In summary, no primer set currently available ensures absolute allele- or locus-specific detection of pathogenic DUX4FL transcripts. Therefore, reliable attribution of transcript origin will require locus-resolved sequencing approaches, such as long-read RNA-seq or targeted capture of full-length transcripts. In addition, it should be noted that the detection of full-length DUX4 transcripts typically requires a nested PCR amplification step due to their extremely low and stochastic expression levels [6, 14, 38, 39]. While this approach increases sensitivity, it also enhances the risk of artefactual amplification in repetitive contexts, further underscoring the need for careful assay validation.
Detection of the DBE-T transcript
The DBE-T long non-coding RNA, proposed to act as a chromatin modulator upstream of DUX4 activation, has been considered an indirect molecular marker of epigenetic dysregulation in FSHD. Its origin was mapped to a region immediately centromeric to the D4Z4 array [25].
As shown in Supplementary Table 1 and Fig. 3, we performed the same primer evaluation for DBE-T. Two primer sets uniquely target the Non-D4Z4 Element (NDE), located just proximal to the 4q35 array. In contrast, most of the other primers described in the literature anneal within internal D4Z4 repeats. Alignment to T2T-CHM13 reveals that these annealing sites are virtually identical across all units on chromosomes 4q and 10q, making discrimination of transcript origin impossible.
This redundancy imposes severe limitations: amplification from internal repeats cannot distinguish RNAs derived from 4q35, 10q26, or other paralogous loci. Consequently, many reported measurements of DBE-T risk conflating signals from multiple sources, introducing substantial ambiguity into its functional interpretation.
For reliable detection, DBE-T assays should be anchored to unique flanking regions (such as the NDE) or, preferably, employ long-read transcriptome sequencing to resolve repeat-derived RNAs at locus-specific resolution. Without such methodological precision, DBE-T quantification remains prone to misinterpretation, especially in studies linking its expression to disease severity or penetrance.
Discussion
Clinical variability and the limits of a locus-centric model
FSHD exemplifies the difficulty of reconciling genetic architecture with clinical expression.
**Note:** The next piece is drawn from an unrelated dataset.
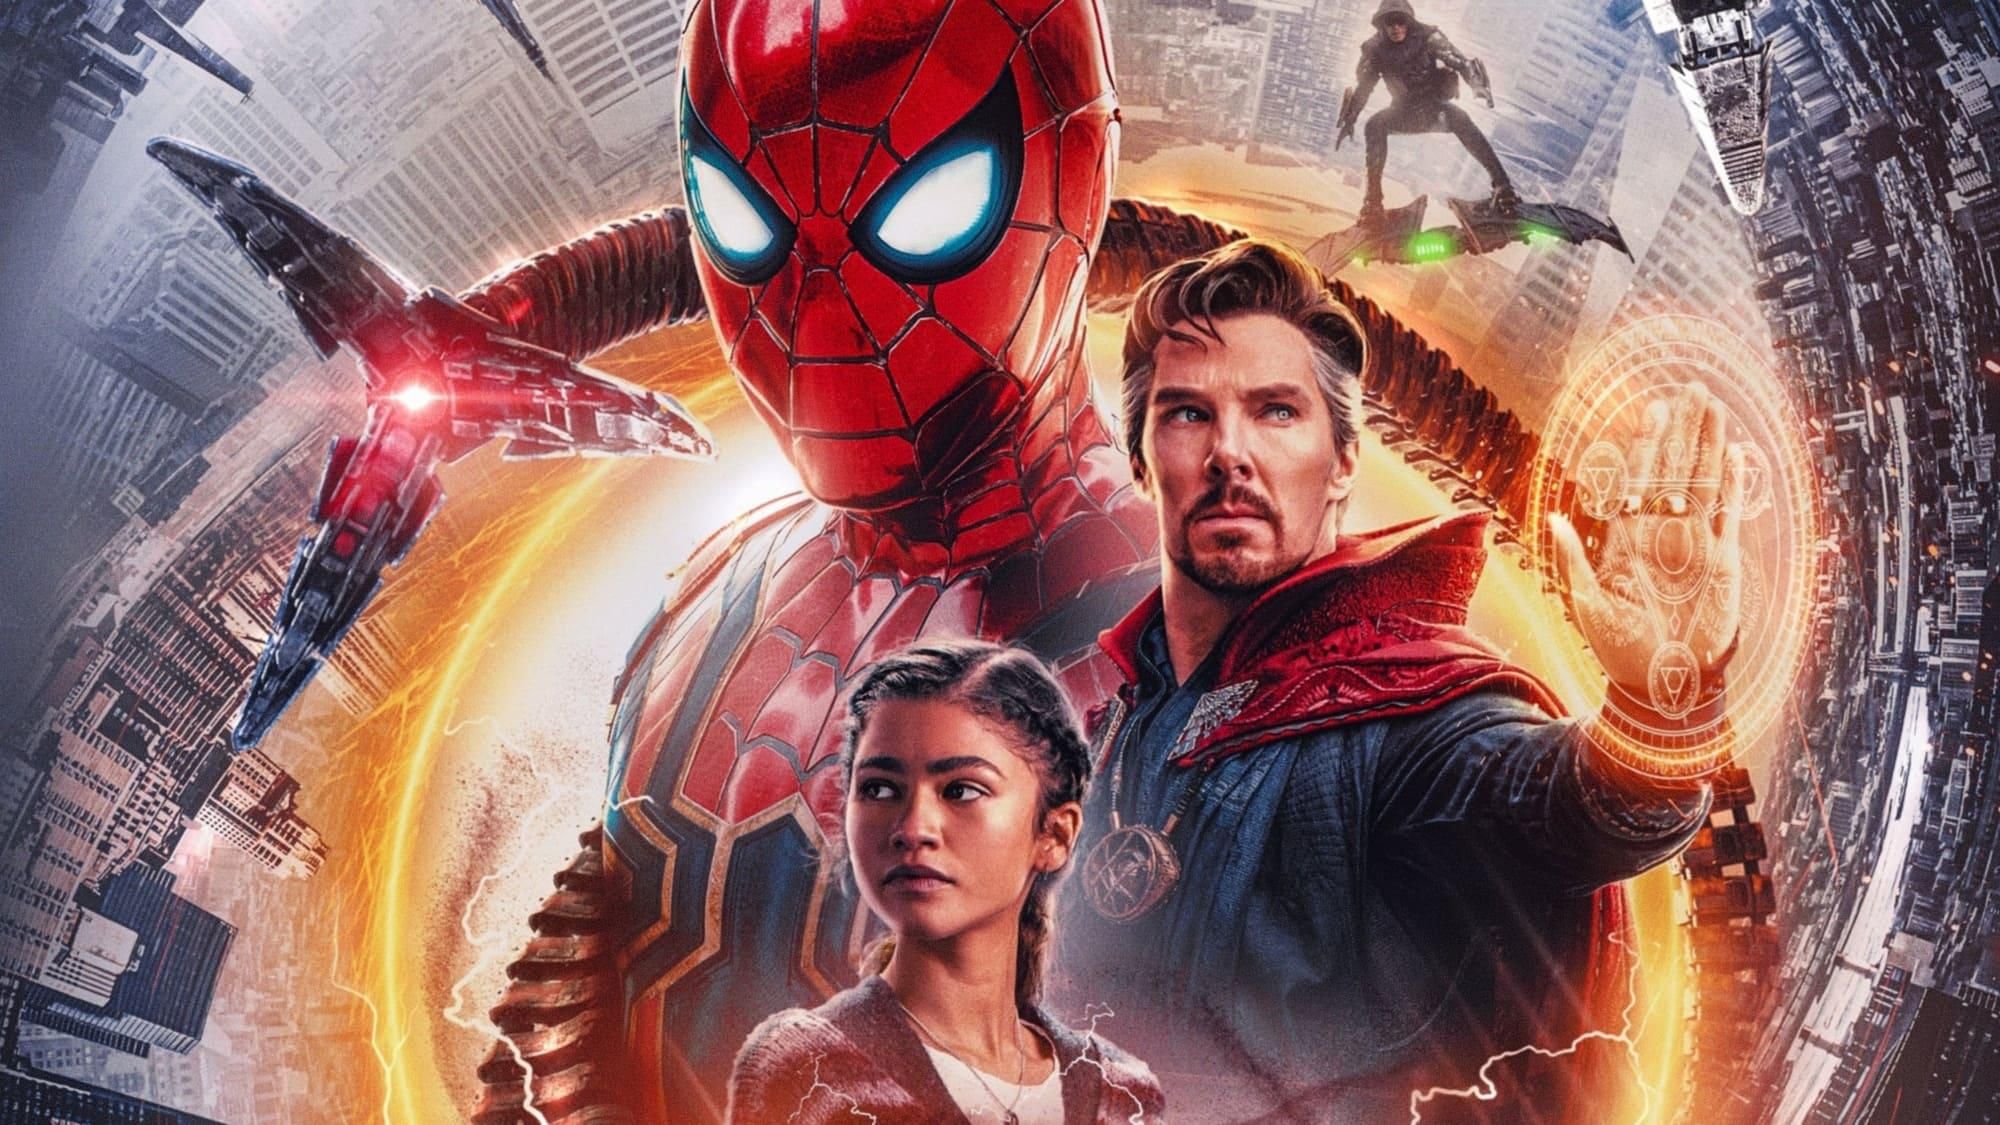 VER Spider-Man (No Way Home) estreno pelis 2021 Espanol y hd 1080p

While contraction of the 4q35 array below eight units on a permissive 4qA allele remains the strongest FSHD diagnostic marker [3], reduced arrays are relatively common in the general population ( ~ 3%) [40] and even more frequent in haplotype-resolved pangenomes (4,6%) [18, 20]. Thus, many carriers remain asymptomatic or present non-FSHD myopathic phenotypes, whereas some symptomatic individuals present with borderline or normal repeat sizes [41,42,43]. These observations underscore that the size of D4Z4 array alone cannot explain disease penetrance or progression, and that additional modifiers must be involved.
Limitations of historical approaches
Several widely used strategies were developed under the assumption that D4Z4 repeats were restricted to 4q and 10q. CHO monohybrids carrying human chromosome 4q inserts provided early evidence for repeat-mediated silencing and array contraction. However, these models lack the native nuclear environment, are prone to drug-selection artifacts, and cannot recapitulate transcriptional features [44]. Likewise, SNP-based attribution of PCR amplicons has proven unreliable: the extreme sequence identity among monomers and the incompleteness of earlier reference genomes undermined locus assignment [14, 22, 25, 38]. A locus-centric view of FSHD was perpetuated by reliance on these incomplete models and strategies [3, 33]. Robust attribution now requires long-read, haplotype-resolved sequencing anchored to unique junctions and benchmarked against complete references such as T2T-CHM13 and emerging pangenomes.
From a locus-centric to a repeat-aware framework
The completeness of the T2T-CHM13 reference [17] compels a shift from a 4q35-centric to a genome-wide, repeat-aware perspective. D4Z4-like units are widespread, highly similar in sequence, and frequently located in regions previously inaccessible to short-read methods. Under these conditions, assays designed within internal monomers or conserved promoter regions cannot guarantee locus specificity (see Supplementary Table 1 and Fig. 3). Sequence identity is the rule, not the exception, and results generated without locus-resolved approaches risk conflating signals from multiple chromosomes.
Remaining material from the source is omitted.